Things felt like they were changing so fast. I was thankful we had a backyard so I could at least go out and get some fresh air after being stuck inside the house for so long. My little sibling kept me distracted with all their energy. They are honestly the most energetic kids i’ve ever known in my entire life, I was thankful I had them around to keep me entertained. I began to adjust to the new normals of online school, not going anywhere and social distancing. I was missing my teachers, my friends and other family members. I was worried about my family in Haiti as I knew this virus was spreading and I knew that if it spread in Haiti, it could get very bad quickly. I knew that Haiti would likely not have the resources needed for this virus and that many people didn’t have the luxury or privilege to social distance. The more I thought about Haiti throughout the day, the more dreams I had at night about my friends and family there. I tried to not worry so much and as the weeks went on I became more adjusted to the new ways of life. 

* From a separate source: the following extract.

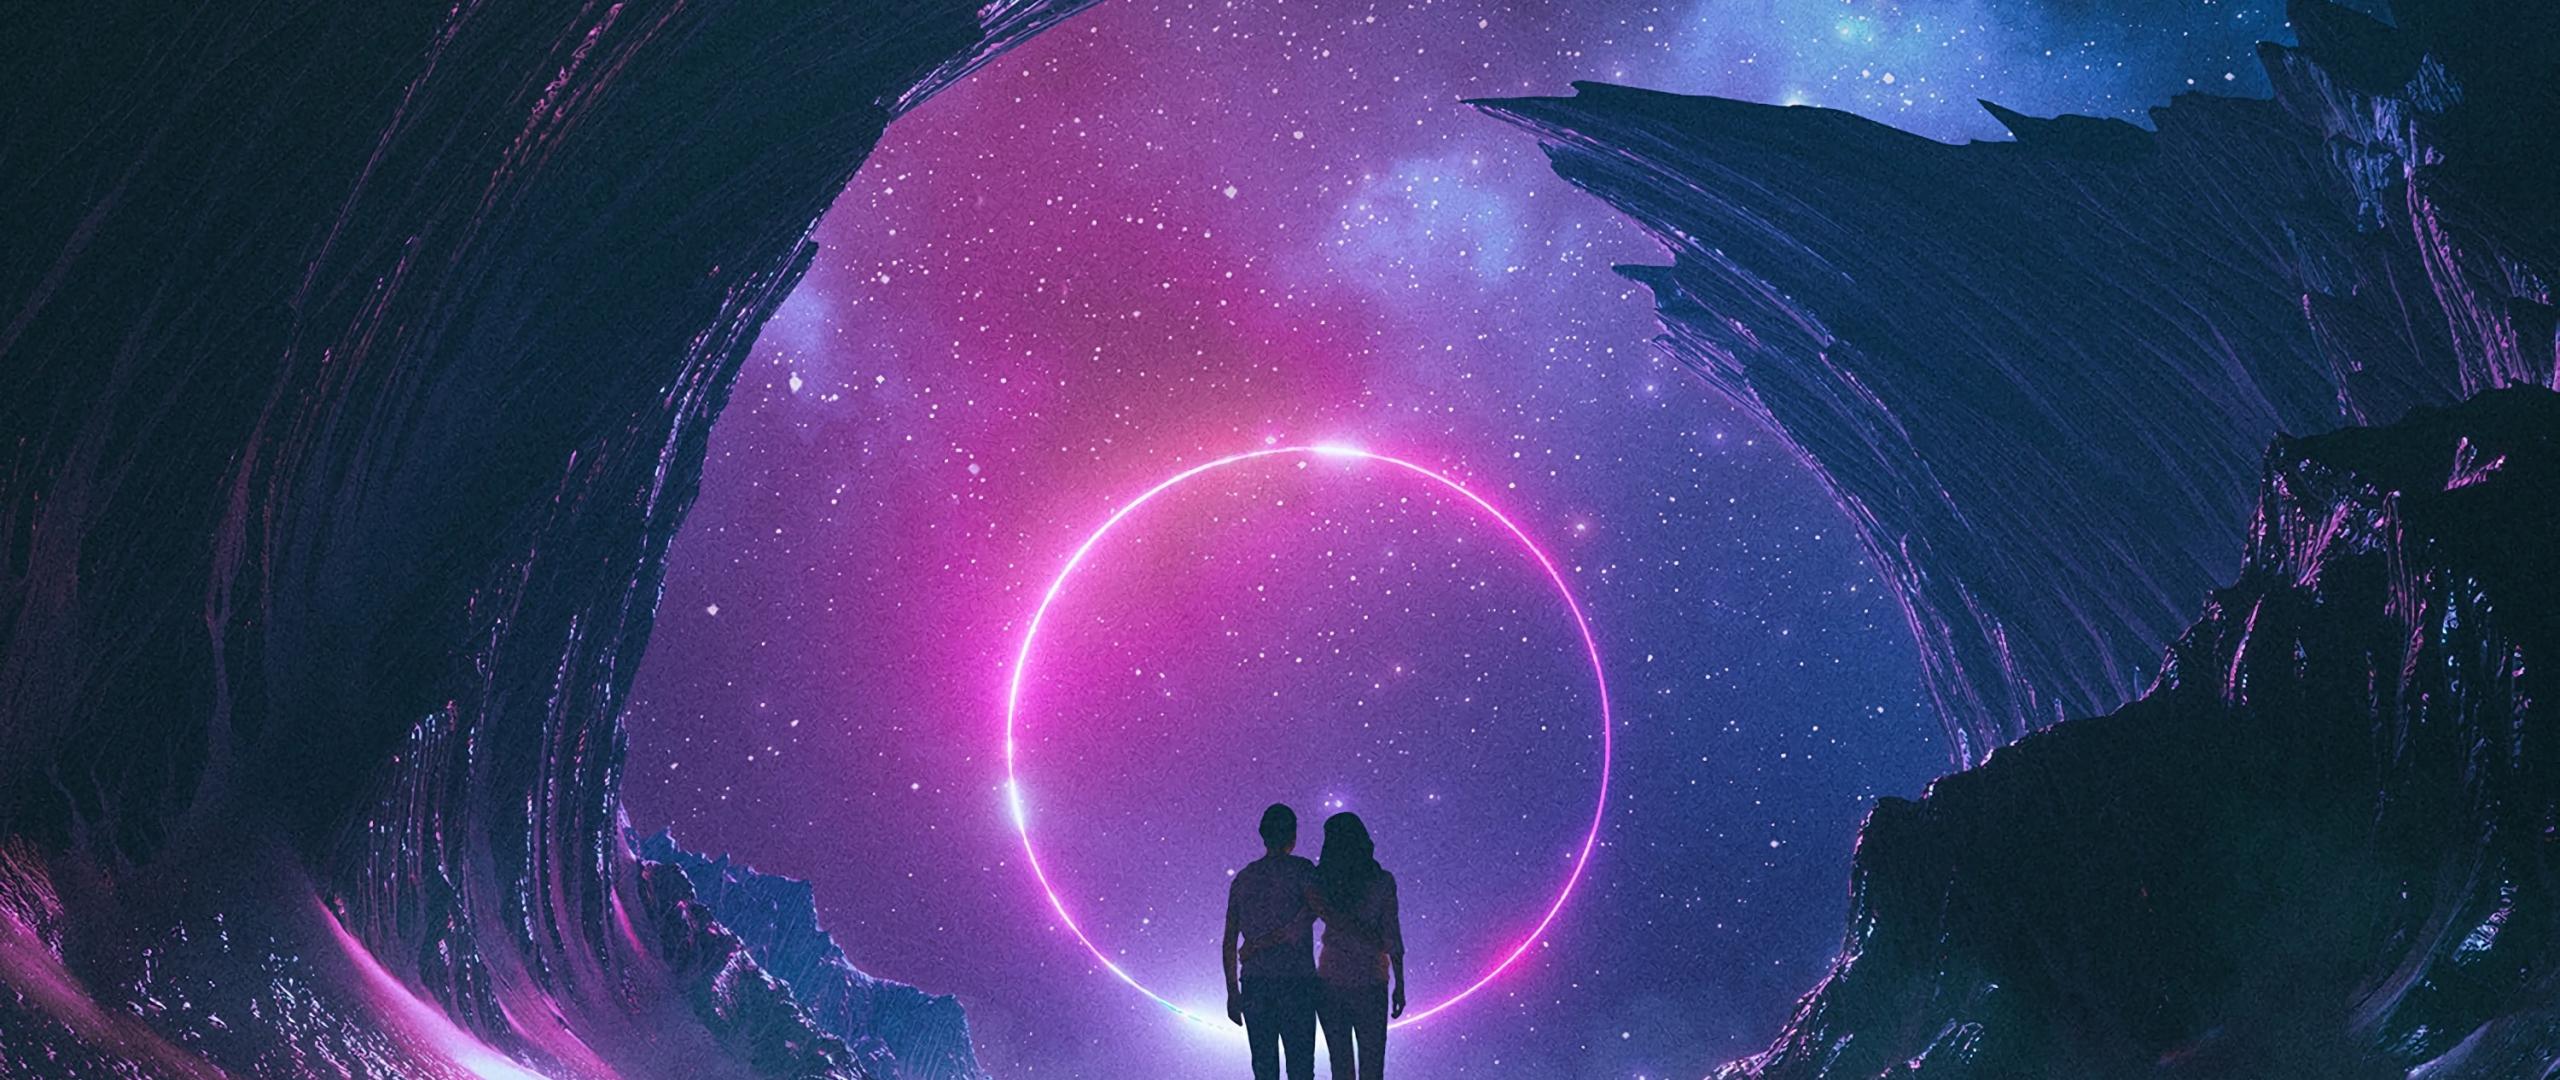 Download 2560x1080 wallpaper couple digital art fantasy - Fantasy wallpaper digital art ...

My family was figuring out new ways to try and stay connected with others. We’d go to my cousins house or my grandmothers and talk to them from outside with masks on. My cousin and I would talk outside as I stood on my porch and her on the street, how badly I just wanted to hug her some days. We also went on long family walks around Watertown to get out of the house when it was nice out. When I say “long family walks” I actually mean it because my dad would make everyone walk nonstop even though my legs were starting to get SO wobbly. That’s when I wished I was my siblings because they were in the stroller while I had to walk.

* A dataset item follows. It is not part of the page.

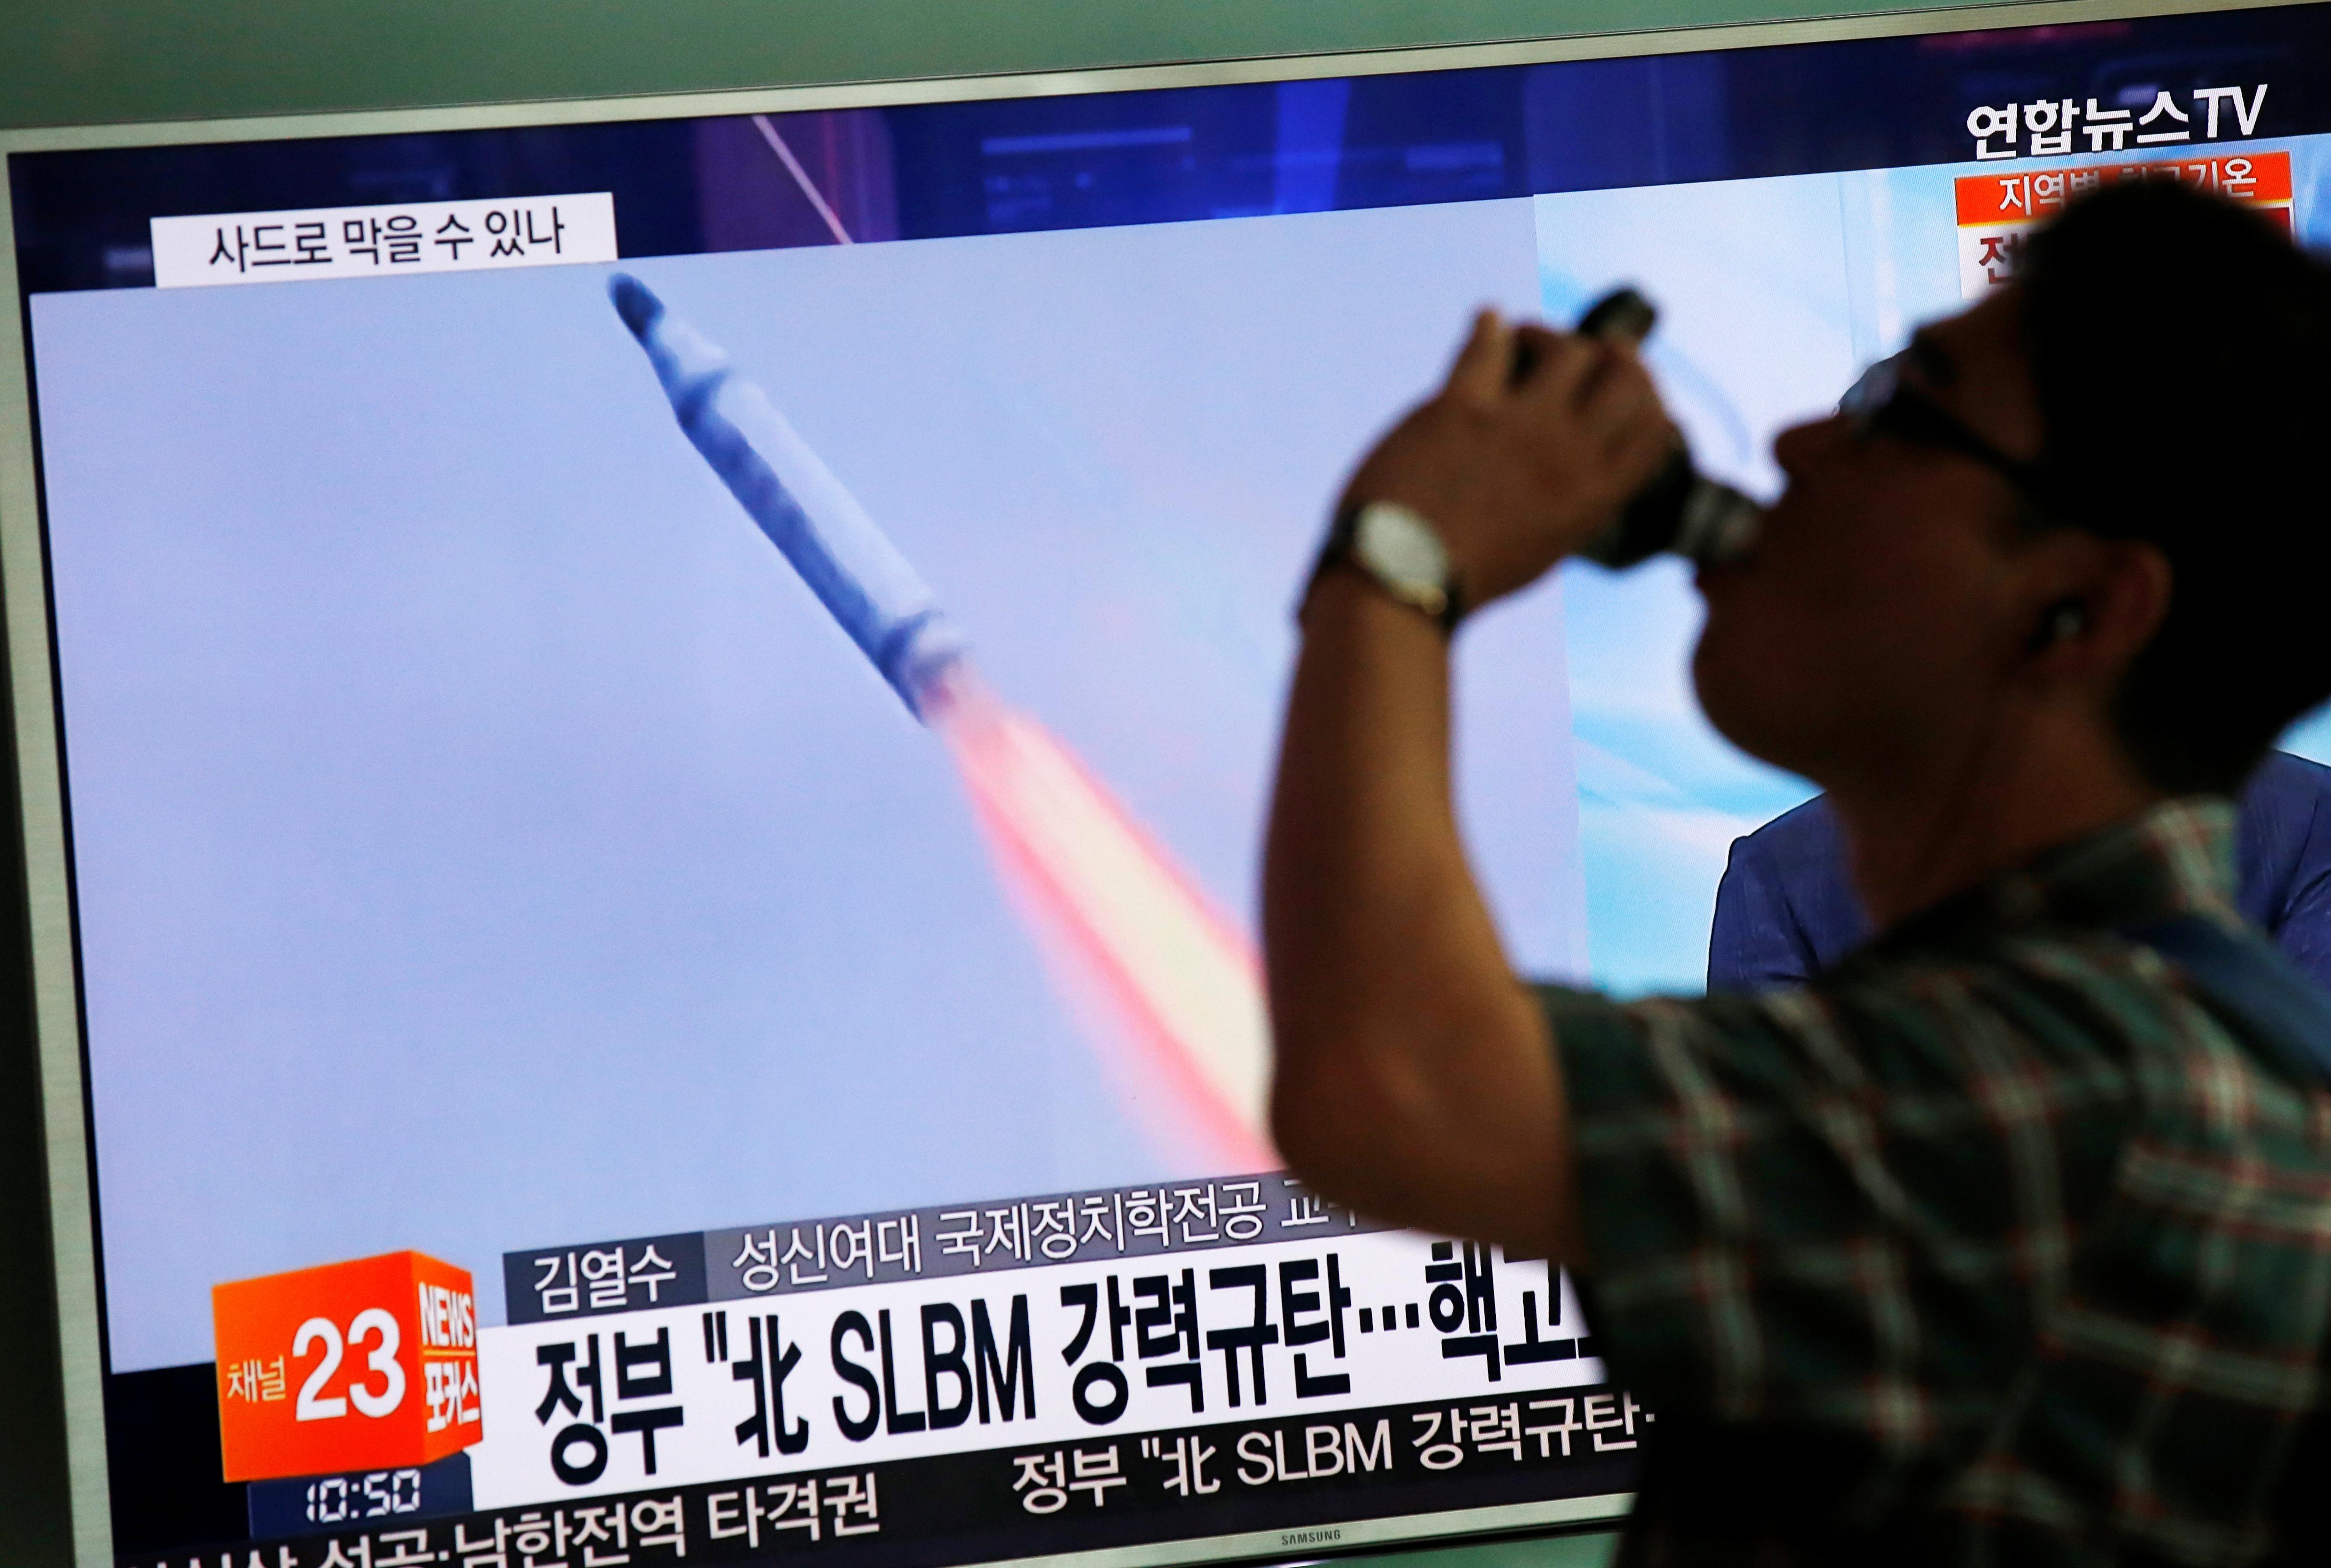 http://www.pri.org/sites/default/files/story/images/nukes-nkorea.jpg

My mother would voice that she was frustrated with the national response by the government. She would talk about how scientists should be leading the way to move forward. She was very sad by how many lives would be lost and worried a lot about how this would affect the world as a whole particularly those who lived in poverty. She told me it was hard to find a lot of positives out of this situation in her opinion. She was also worried about small bussiness owners and explained that so many billionaires continued to get richer during this pandemic while everyday and working class people suffered. This all hurt me deeply as I worried for my family and friends here and in Haiti. I sometimes questioned how could life be so cruel.

 I tried to focus on the positives I thought a lot about all the things that covid changed and I did see people caring more for each other, bringing each other meals, buying groceries, and looking after one another. I also learned of was the benefit to the environment that all our social distancing and staying at home were having on our earth. I strated to wonder if maybe more people would eventually learn that our everyday actions and choices do in fact have a big impact on the world around us and our communities as a one. Maybe we would start thinking more of others and not just ourselves. 

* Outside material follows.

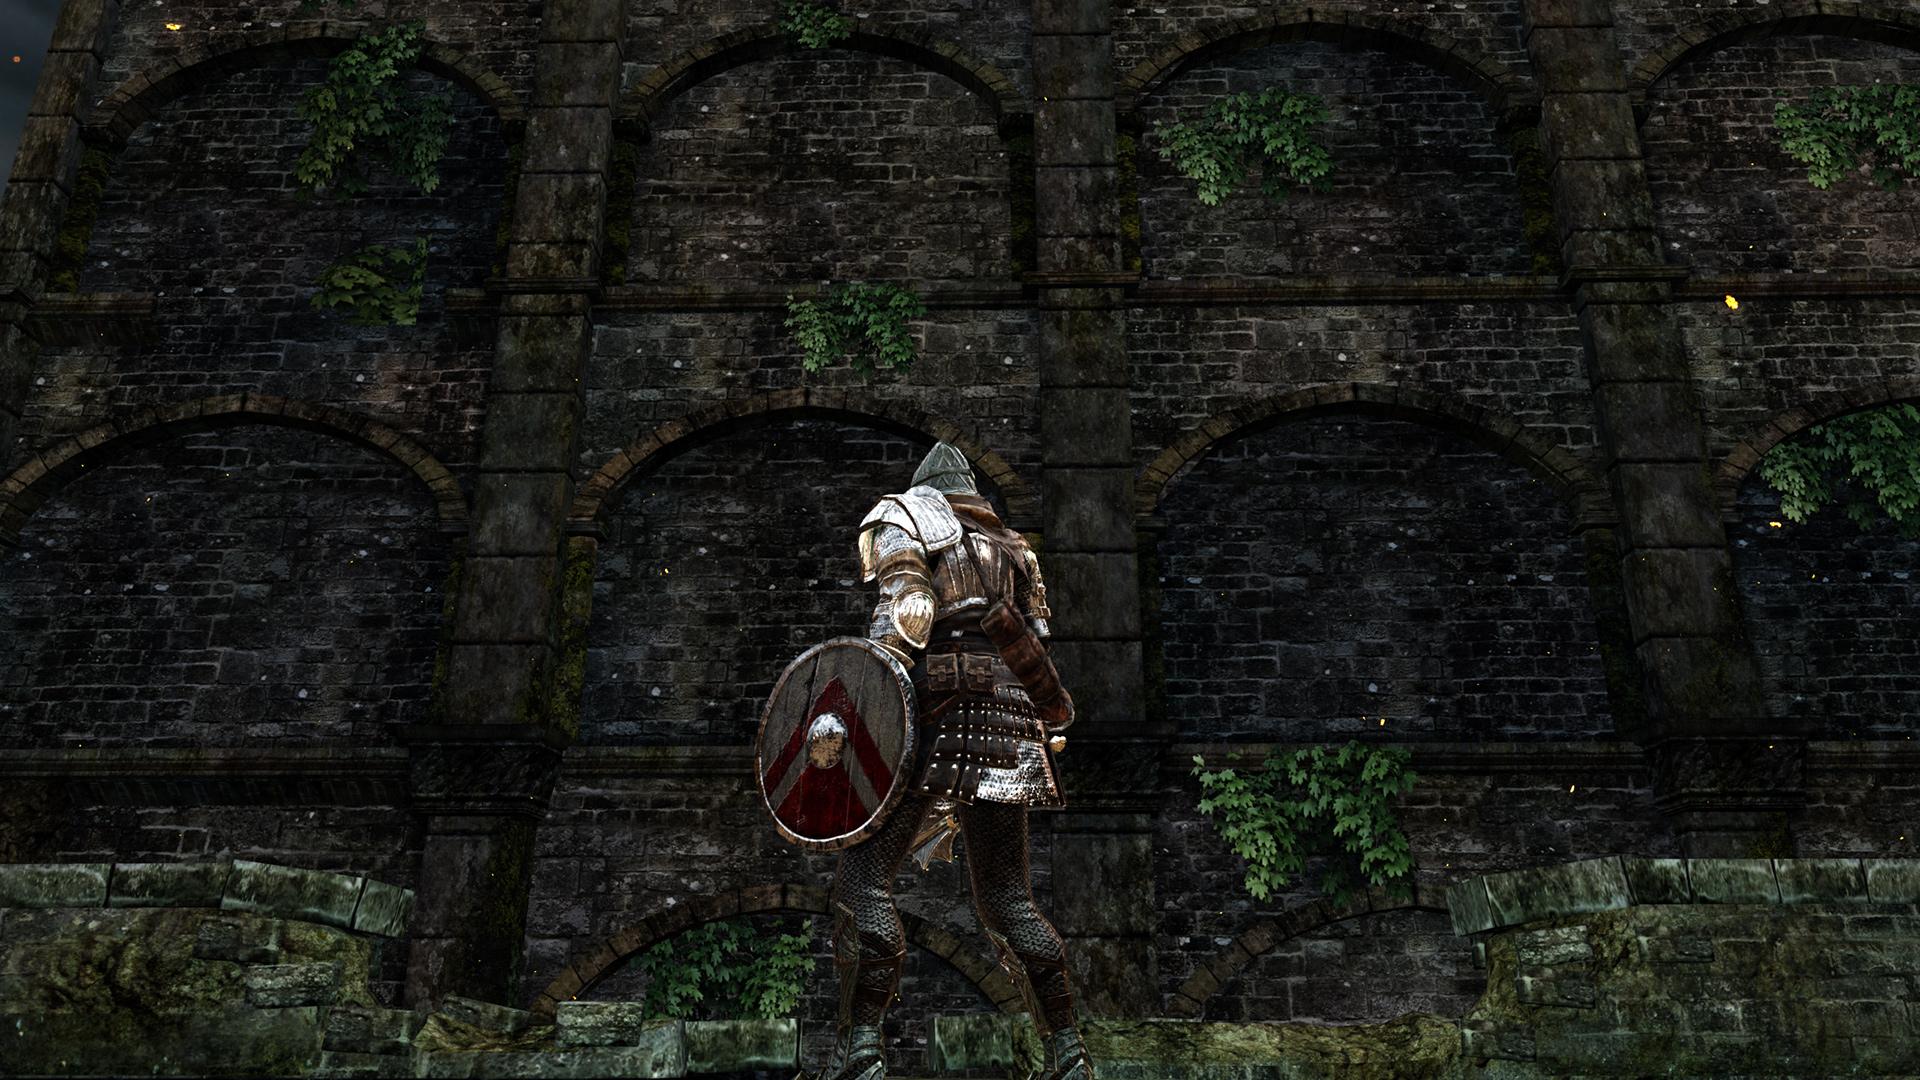 http://abload.de/img/screenshot155444ytygk.jpg

My parents talked to me a lot about how social distancing was about doing what was best for the greater good. They talked about how our actions affect everyone. This reminded me a lot of Haitian culture and reminded me of my days in Haiti. In our culture we think a lot about our neighbors and community. We take care of each other even if we are strangers it is our duty to look out for each other. We always cook large pots of beans and rice and friends and family can show up unannounced anytime and eat or visit. Everything we do in our daily life we think about those around us. As a child I was taught to help those around me. I would be expected to carry large buckets of water for not only my use but for others to use for cooking and bathing. I remember balancing the large bucket of water on my head trying desperately to master the balance of not spilling one drop. I hoped that maybe this pandemic would make us really rethink what we want our future to look like. Our everyday world moves so fast and this pandemic has forced us all to slow down. As the author Arhundhati Roy states, “Another world is not only possible, she is on her way. Maybe many of us won’t be here to greet her, but on a quiet day, if I listen very carefully, I can hear her breathing.” We need to realize that we share something, our humanity. We are all in this together!